# Ahoy Raiders



## Gunz (Aug 31, 2018)

Lt. Col Evans Carlson--the man who started it all-- on Guadalcanal, 2nd Marine Raider Bn. (He earned his first Navy Cross in Nicaragua.) Stock footage, no sound, but interesting nonetheless. Gung Ho


----------



## Lake Shore: 354 (Oct 11, 2018)

Im a huge fan of the Raiders of WWII; I got a book on Marine Corp history and mentions the 1st Raider battalions amphibious assault on Tulagi, and of 2nd Raider battalions incursion on the Gilbert island region. cool stuff


----------



## MikeDelta (Oct 11, 2018)

@Ocoka This might be a deployment story, but I heard he ate pickled horseshoes for breakfast.

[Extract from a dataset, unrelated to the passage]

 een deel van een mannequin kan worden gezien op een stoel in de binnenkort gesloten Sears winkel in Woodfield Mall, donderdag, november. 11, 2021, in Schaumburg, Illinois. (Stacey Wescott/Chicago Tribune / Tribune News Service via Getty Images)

Thanks for sharing this very interesting footage.


----------



## Lake Shore: 354 (Oct 12, 2018)

Speaking of which, does M.C.S.O.C.O.M still exist or did that disband after the M.A.R.S.O.C was created in 2006?


----------



## Gunz (Oct 12, 2018)

deleted


----------



## Lake Shore: 354 (Oct 13, 2018)

So then what became of the Marine of M.C.S.O.C.O.M?


----------



## digrar (Oct 13, 2018)

> Deactivation On 7 February 2006, nearly one year to the day after Secretary Rumsfeld’s memorandum, Det One got the official word on its fate. Captain Daniel B. Sheehan III forwarded a message to the author with the comment, “There you have it. The fat lady sang.” Attached to his e-mail was the full text of Marine Corps Bulletin 5400, dated 6 February 2006. It directed the deactivation of MCSOCom Detachment no later than 1 April 2006 and laid out the subordinate tasks in detail. The manpower structure that was shuffled to create the billets for the detachment would be reshuffled to return each of the slots to the 42 commands from which they had come.



http://www.forcerecon.com/Det One Boards_Det One.pdf


----------